Breach of Fiduciary Duty & Conflicts of Interest Claims
A fiduciary duty is a term of art describing a relationship between two parties whereby one party is obligated to act only in the best interest of the other. The person who is required to act in the other’s best interest is referred to as the “fiduciary.” At its most basic level, an investor may have a breach of fiduciary duty claim if they believe that someone (i.e. an investment sponsor, financial adviser, accountant, attorney) put their own self interests ahead of theirs causing them harm. Certainly, there are many more complex legal nuisances, but this basic inquiry is at the heart of every fiduciary duty claim.
In our experience, most fiduciary duty litigation also involves one or more conflicts of interest. A common fact pattern often involves an investment professional recommending an investment to an investor that is unsuitable in order to generate a lucrative commission. Another common fact pattern involves financial advisers who convince their clients to invest in securities offerings that the financial adviser personally owns and operated, which is a very serious conflict of interest.
If you, or someone you know, believes that you have a claim based on a conflict of interest or breach of fiduciary duty, contact us today for a free and confidential consultation.
Who is a fiduciary?
A fiduciary is someone who has to act in another person’s best interests.
What are examples of relationships with fiduciary duties?

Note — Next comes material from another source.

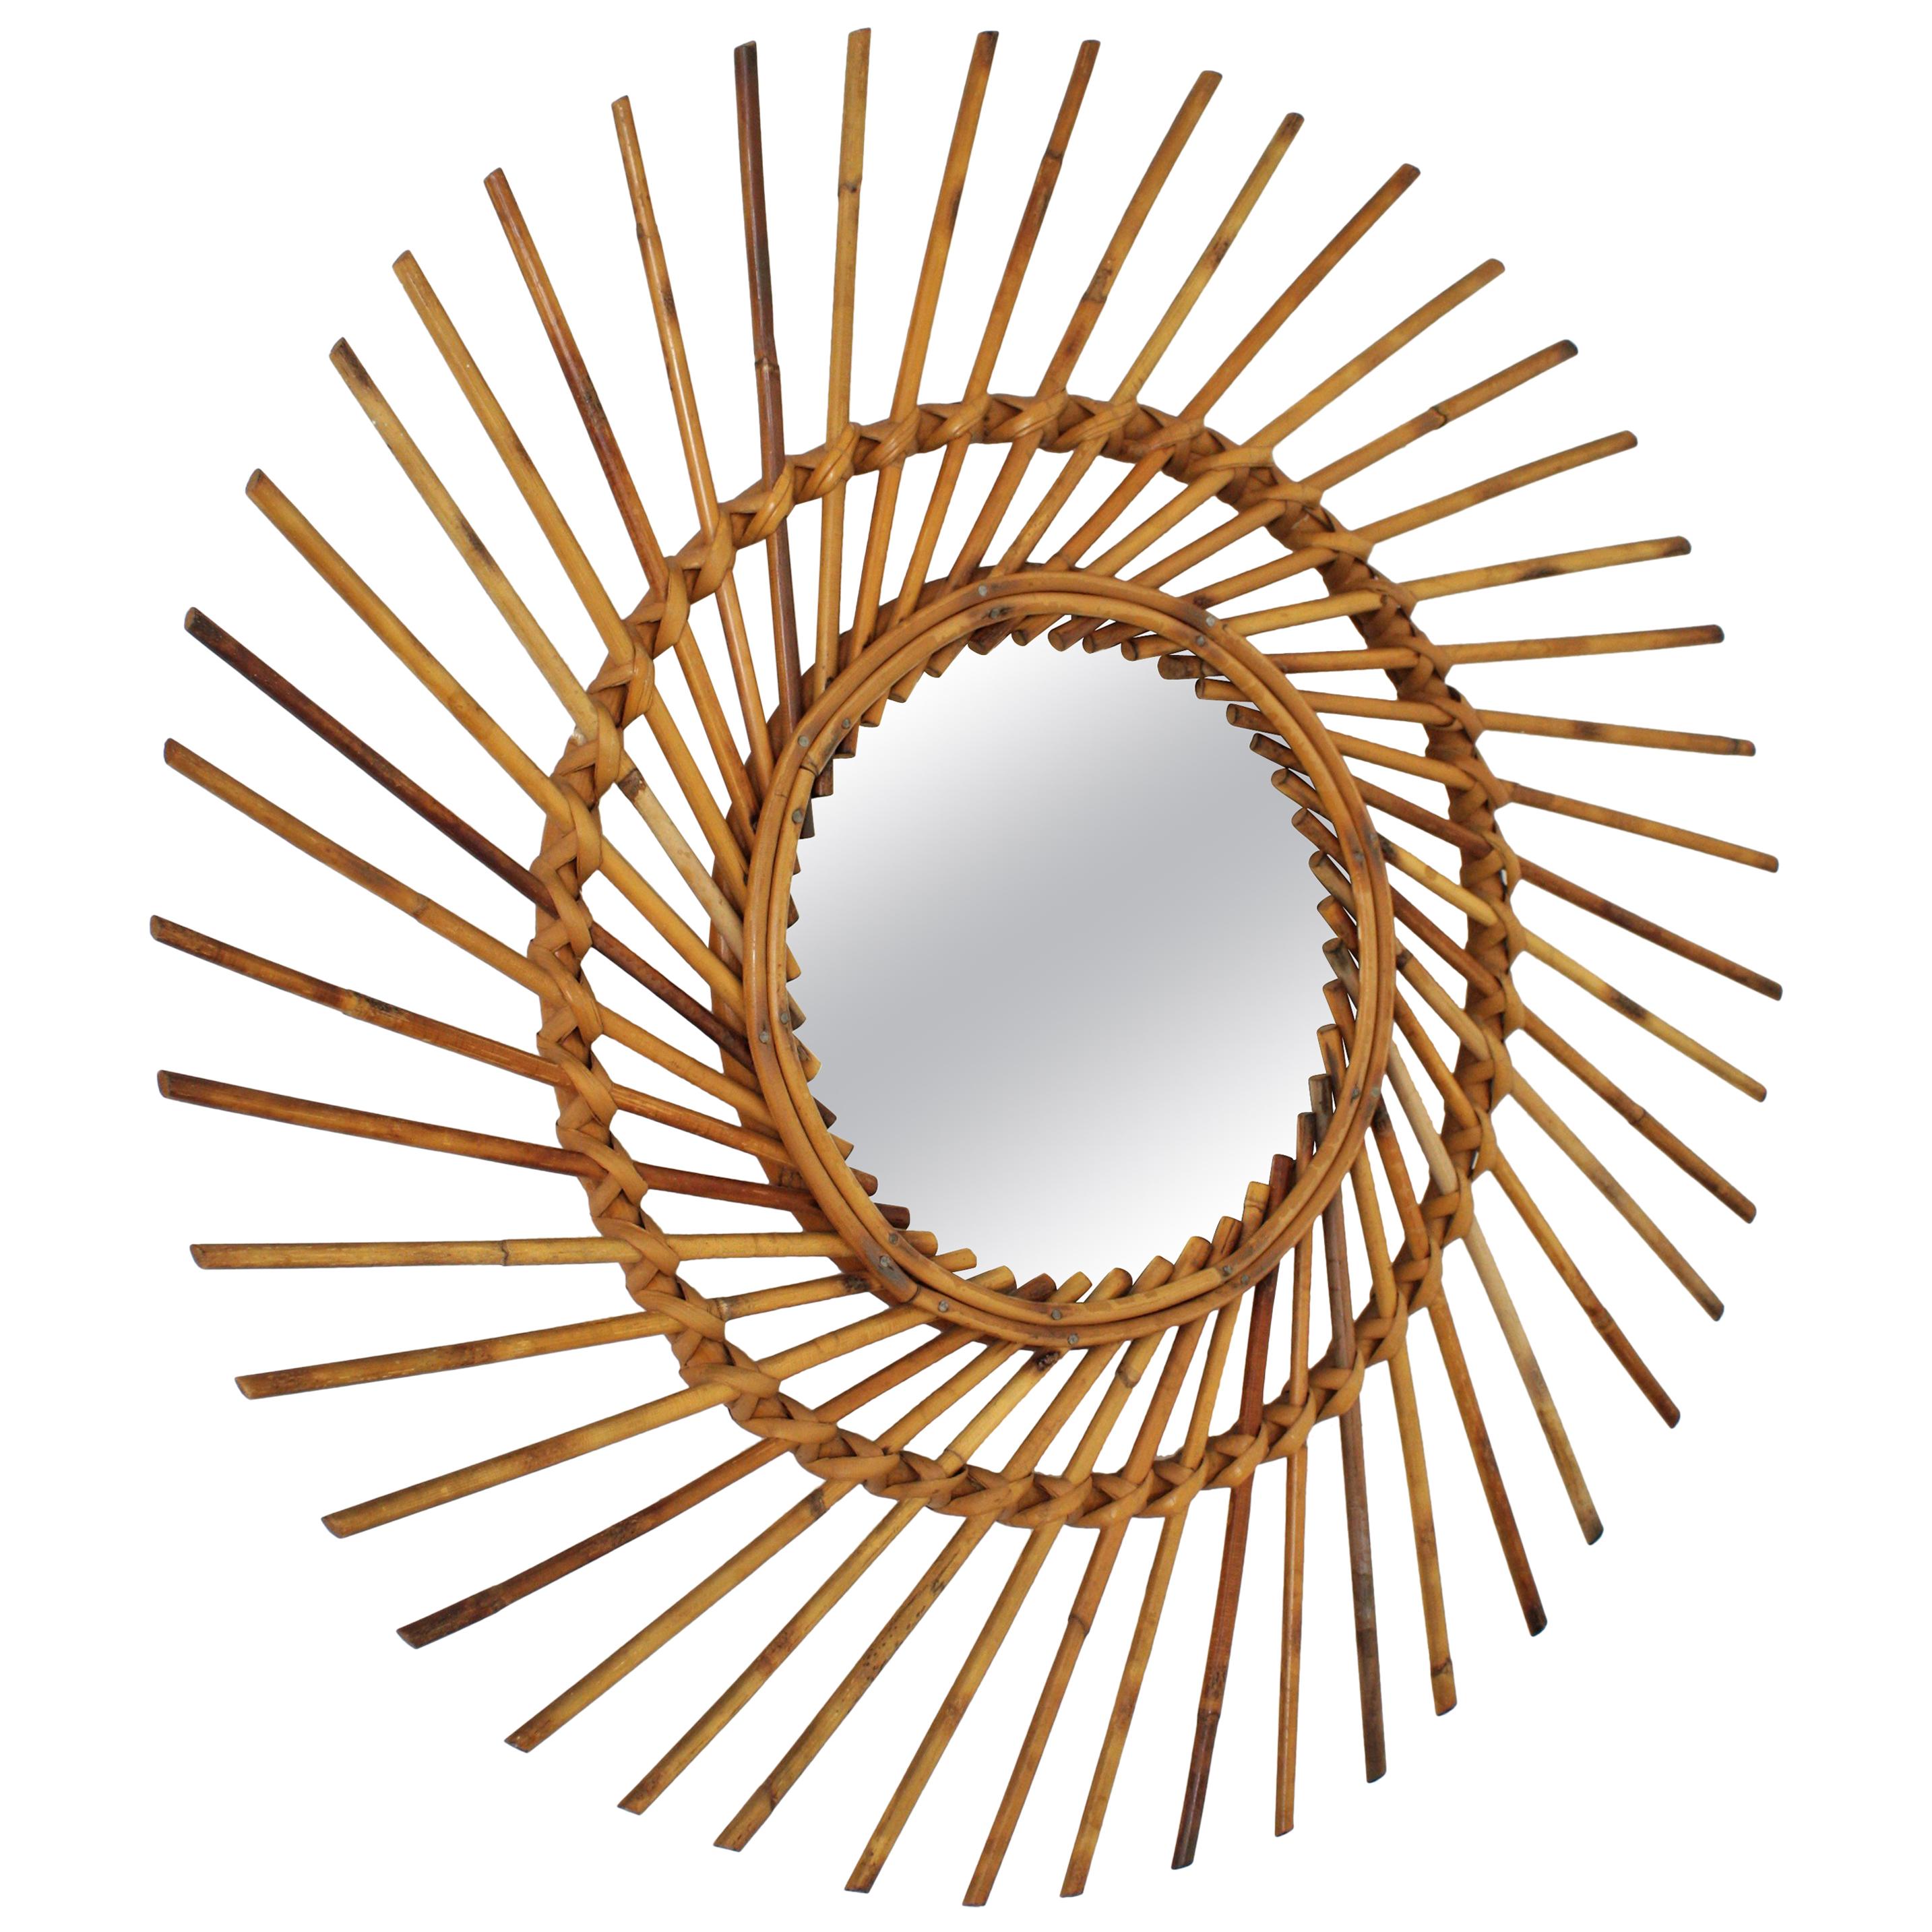 Midcentury sunburst mirror handcrafted in rattan. Spain, 1960s.
This handcrafted sunburst mirror has a design with pinwheel shape. It has all the taste of the Mediterrean coast style and it will be a nice addition to any beach house or countryside

Attorney/Client, Accountant/Client, Guardian/Ward, Trustee/Trust Beneficiary
Is my financial adviser a fiduciary?
This is a more complex question than most investors realize. Anyone registered as a financial adviser under the Financial Adviser Act of 1944 is, but others may not be – it depends. The only way to know for sure is by calling FINRA, the Securities and Exchange Commission or the state where they do business to ask.
Why aren’t all stock brokers and financial advisers fiduciaries?
We think they should be, but it is a very controversial political question. The financial industry has a very powerful lobby and is fighting any attempt to hold all financial professionals to a fiduciary standard.